Smith v. Town of Hot Springs

240 P.2d 249 | Mont. | 1952

MR. JUSTICE ANGSTMAN:

Plaintiff, a taxpayer in the town of Hot Springs, brought this action to enjoin defendants from erecting a sewage disposal plant upon property alleged to have been dedicated, platted, laid out and designated as a public park.

The court found in favor of defendants and plaintiff has appealed from the judgment.

*459The record discloses that in 1948 the town council took the proper steps to hold an election in the town of Hot Springs for the purpose of authorizing a bond issue in the sum of $170,000 to establish a sewer system and a sewage disposal plant. The election carried. At the time of the election it was talked of having the disposal plant about one-half mile east of the town and a survey to that end had been made, but no official action had been taken fixing the site of the proposed plant. In May 1950 the council fixed the location of the disposal plant on a tract-of land which had been dedicated to the use of the public as a park within the limits of the town. The park consisted of a tract of land 215 by 605 feet and the proposed plant would take an area of 30 by 70 feet.

There was evidence that the proposed site would save the taxpayers about $55,000 as against the site one-half mile east of the town and in addition that the proposed site is more feasible.
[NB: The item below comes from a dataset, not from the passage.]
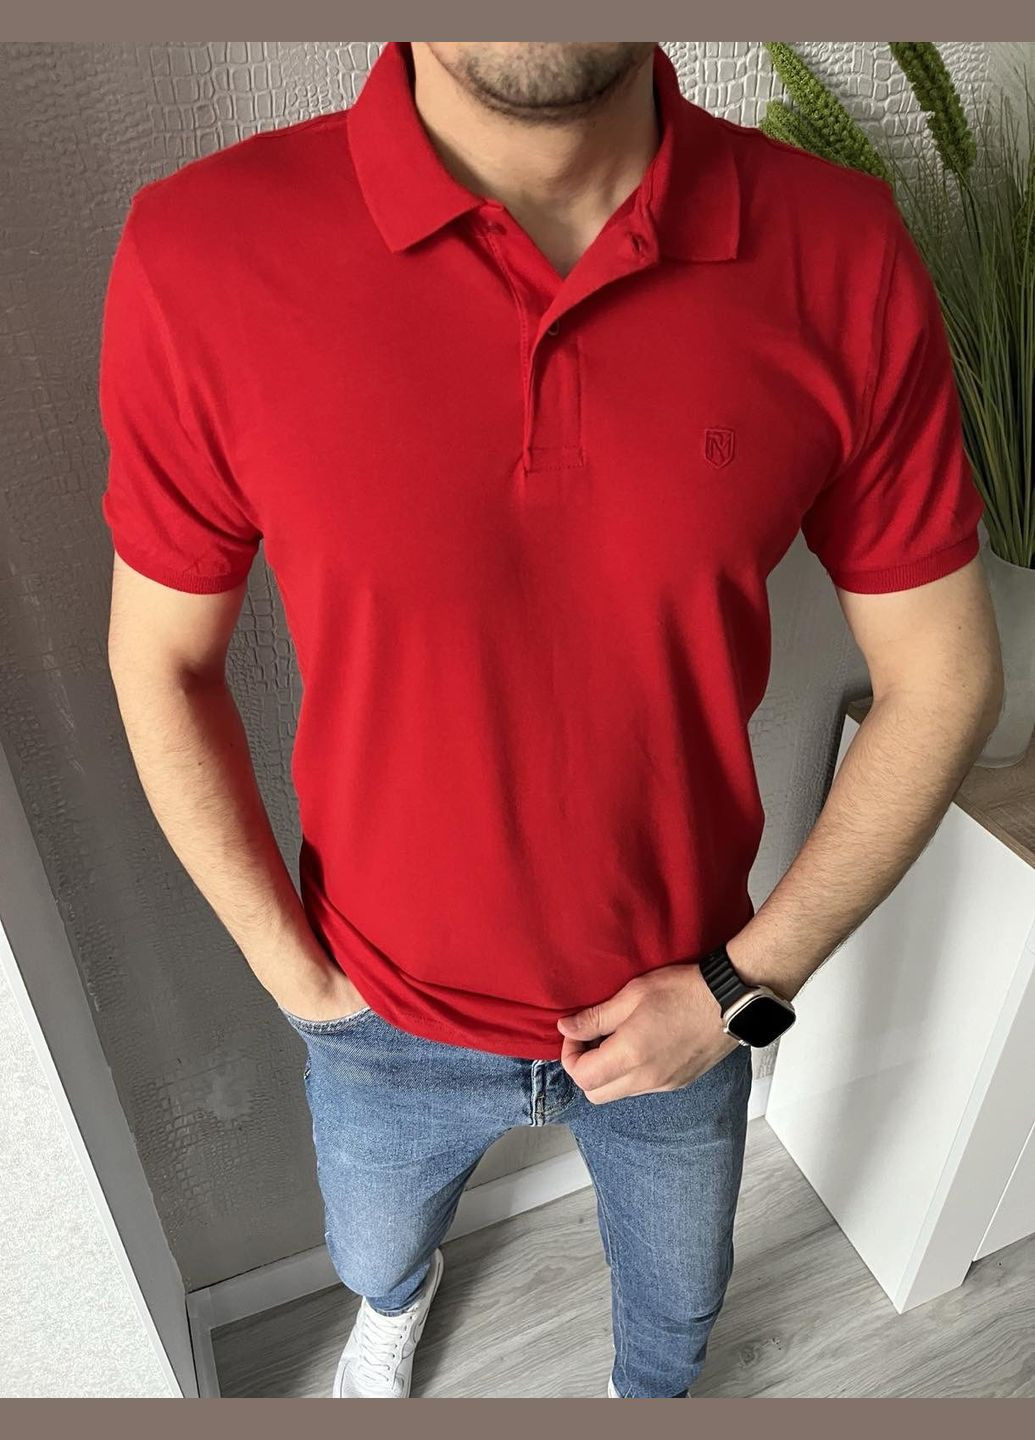 Красная футболка-футболка поло мужская для мужчин No Brand однотонная

The park in question was dedicated by A. H. Maillette, Florence J. Maillette and Mike Kennelly under the requirements of R. C. M. 1947, sec. 11-602, subd. 9, by filing a plat as an addition to the town of Hot Springs. The plat designated lot 4 as a “public park.” The dedication refers to the plat and otherwise was in the form prescribed by R. C. M. 1947, sec. 11-606, except that it does not mention “parks” but only “streets,” “alleys,” and “public squares,” “as shown on said plat.”
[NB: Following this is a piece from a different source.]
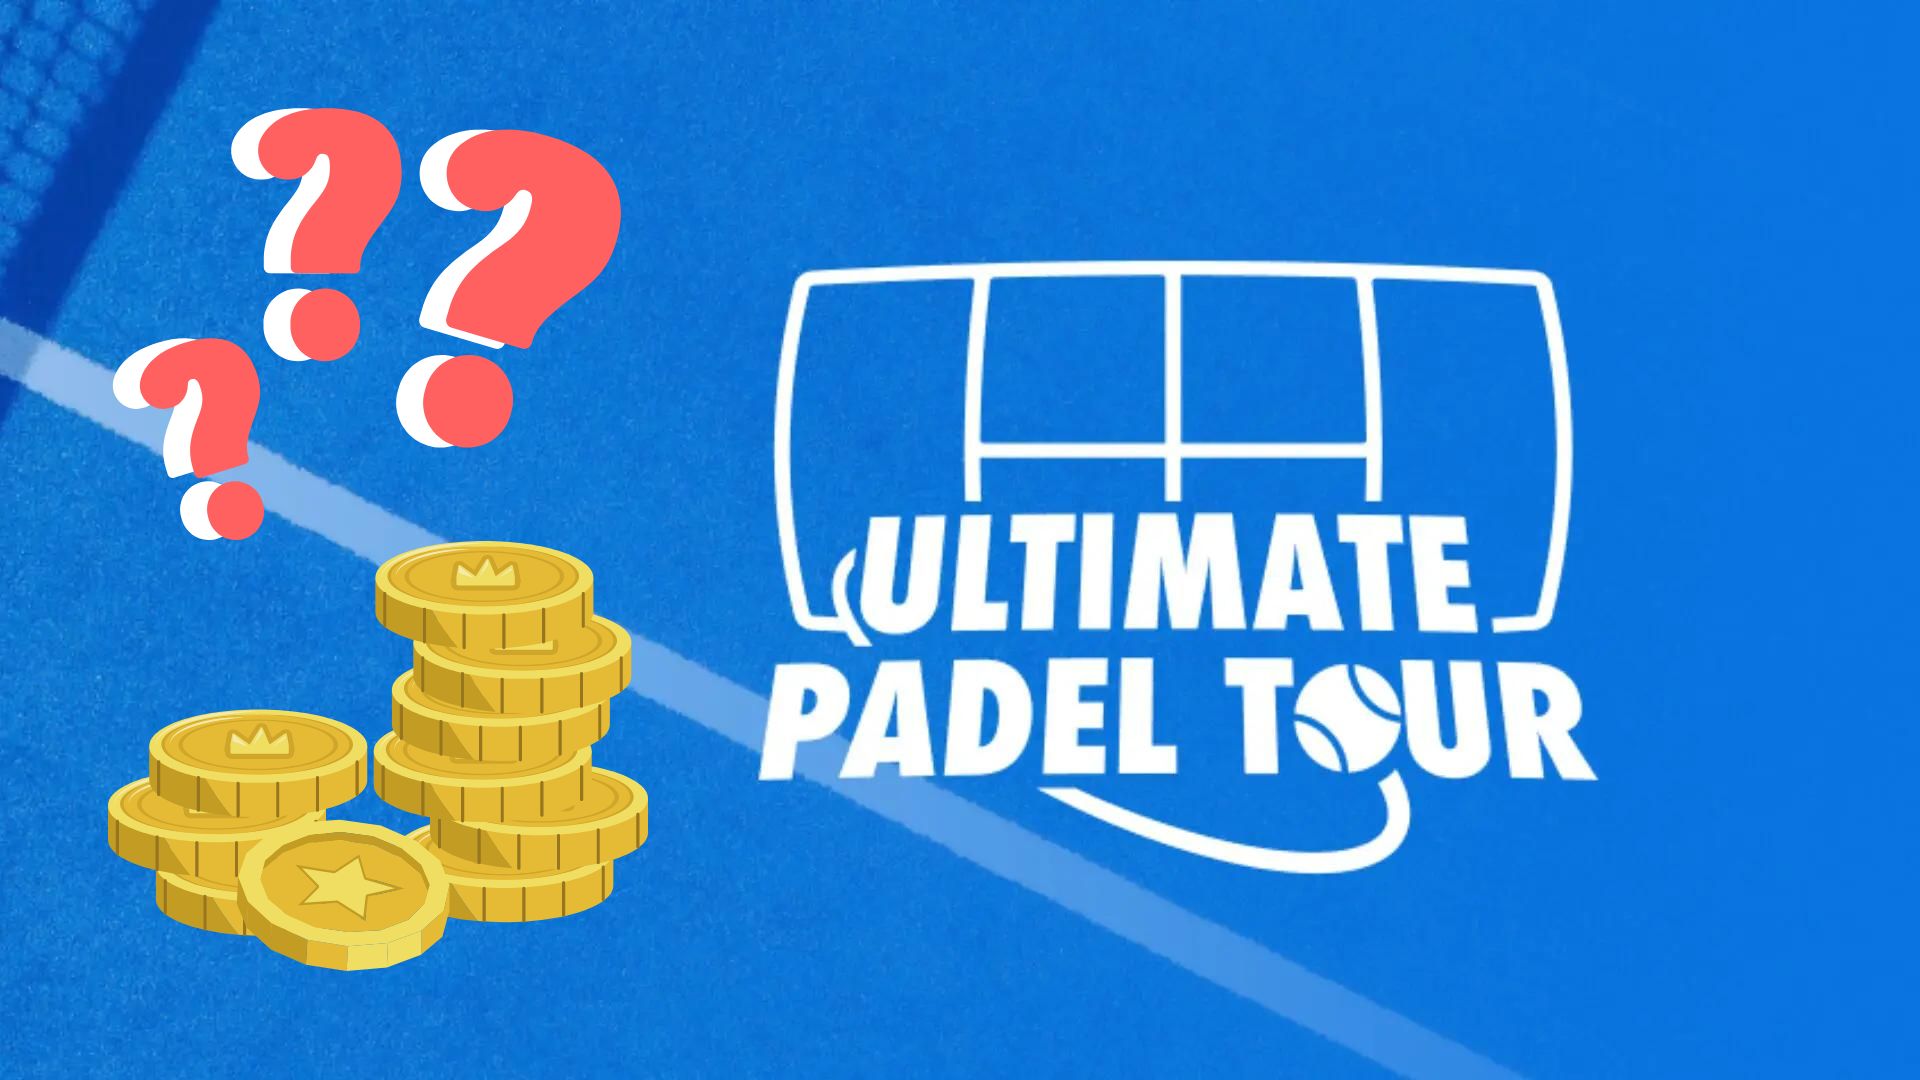 Quanto guadagnano i giocatori Ultimate? Padel Torre ?

If we treat the dedication as one applying to lot 4 as a public park the court’s conclusion was correct for under the express provisions of R. C. M. 1947, sec. 11-906, the city council has authority to vacate such parks. It provides: 1 ‘ The city or town council has power: To lay out, establish, open, alter, widen, extend, grade, pave, or otherwise improve streets, alleys, avenues, sidewalks, parks, and public grounds and vacate the same.”
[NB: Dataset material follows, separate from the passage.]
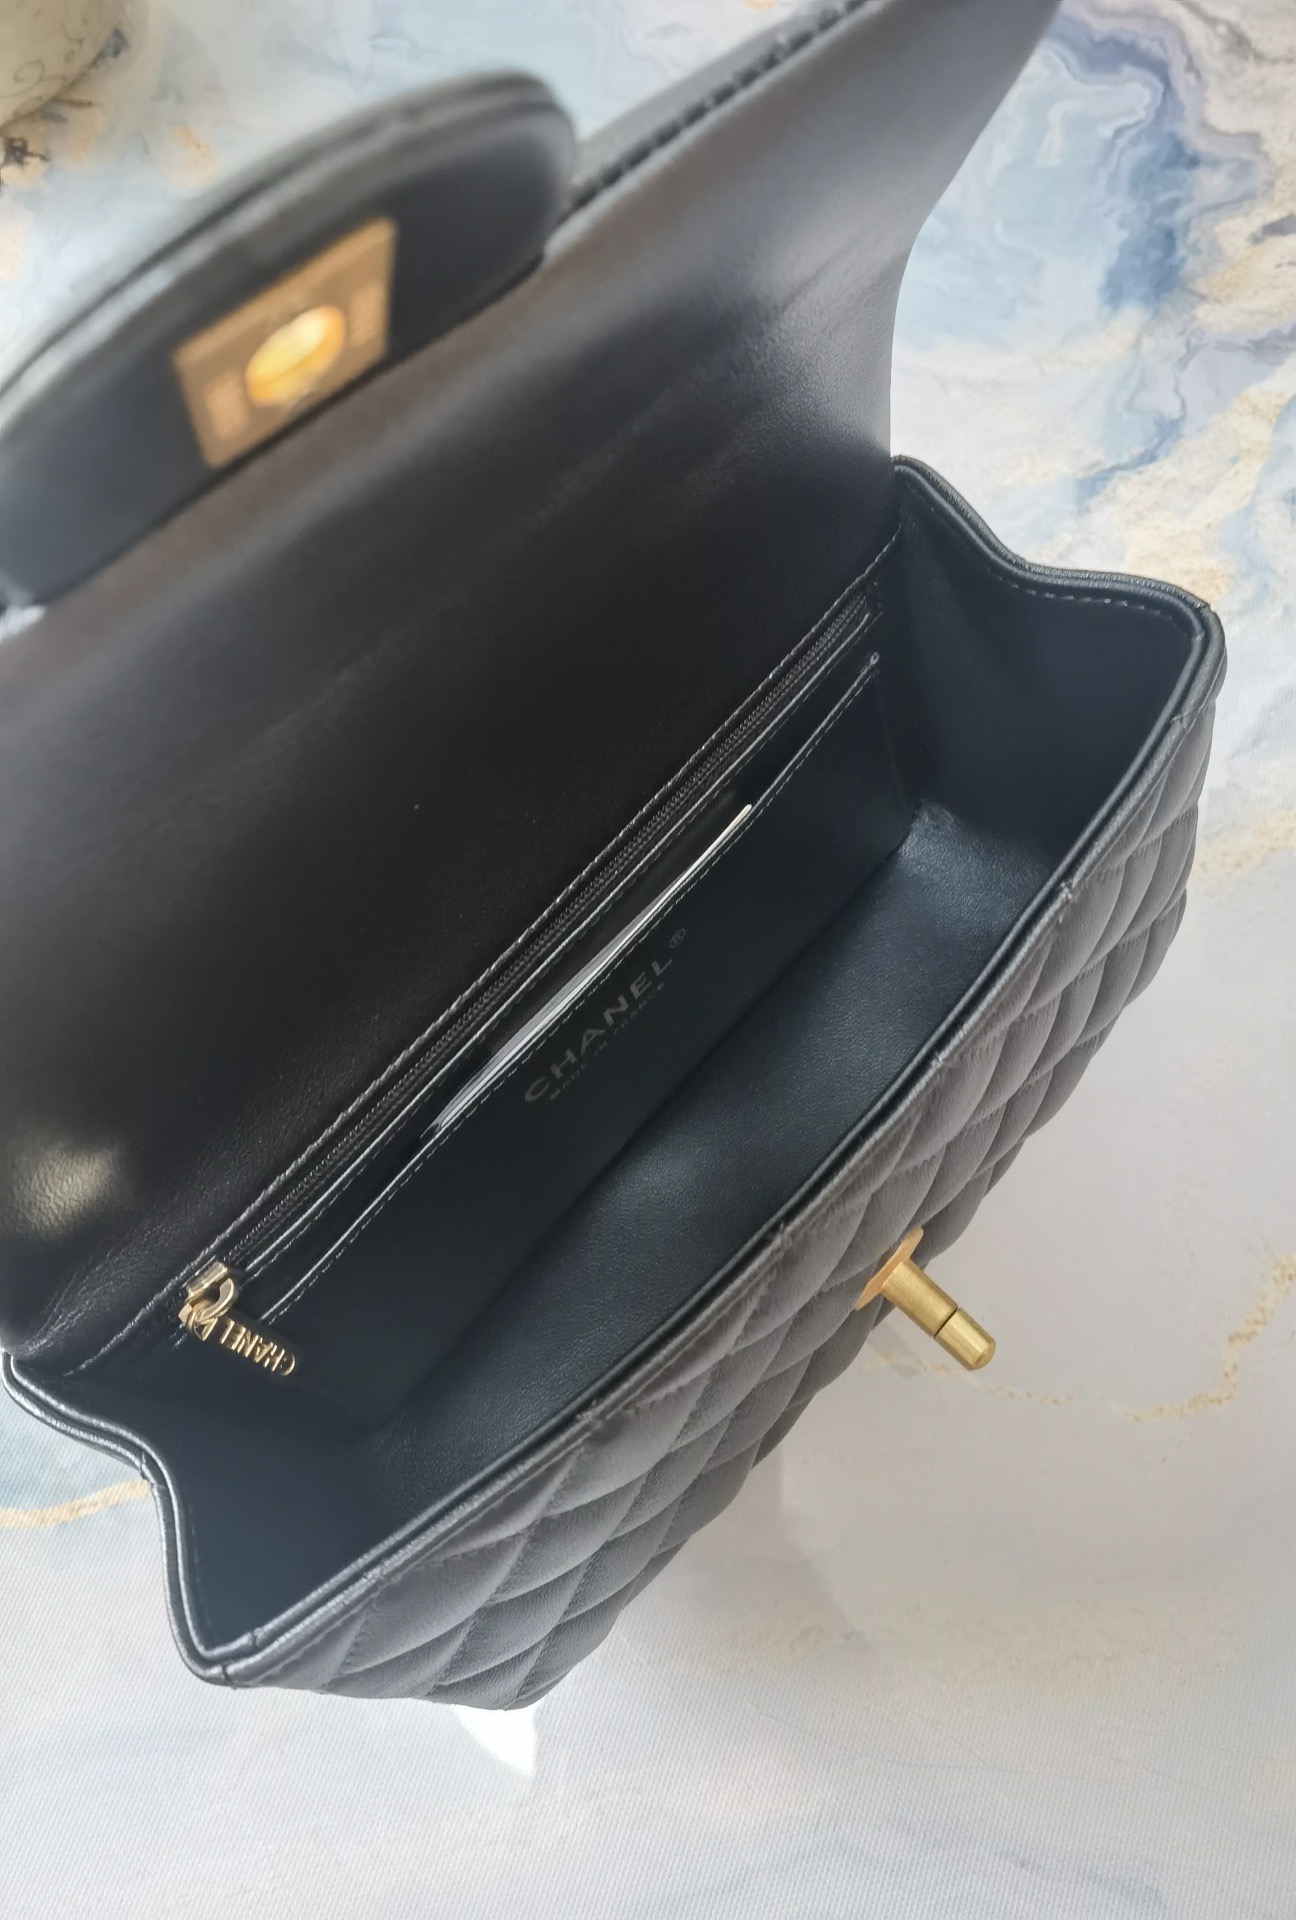 vintage chanel purse box

The courts hold that lands dedicated as parks may be vacated with the sanction of the legislature. State ex rel. Townsend v. Board of Park Com’rs, 100 Minn. 150, 110 N. W. 1121, 9 L. R. A., N. S., 1045; Clark v. City of Providence, 16 R. I. 337, 15 A. 763, 1 L. R. A. 725; and see Lloyd v. City of Great Falls, *460107 Mont. 442, 86 Pac. (2d) 395. It should be noted that this dedication contained no reverter clause such as that involved in Hames v. City of Poison, 123 Mont. 469, 215 Pac. (2d) 950.

Rehearing denied February 14, 1952.

No formal action need be taken to vacate such a park. It may be accomplished .by unequivocal acts showing a clear intent to abandon the use as a park such as the erection of permanent structures thereon used for other purposes. Porter v. International Bridge Co., 200 N. Y. 234, 93 N. E. 716.

We hold that the particular tract of land on which the sewage disposal plant is to be erected has in legal effect been vacated as a part of the park in question.

There is no merit to the contention that section 11-906 merely authorizes the town to vacate the whole of the park and that there is no authority to' vacate a part thereof.

1 The greater contains the less. R. C. M. 1947, sec. 49-128. The judgment appealed from is affirmed.

MR. CHIEF JUSTICE ADAIR, and ASSOCIATE JUSTICES METCALF, BOTTOMLY and FREEBOURN concur.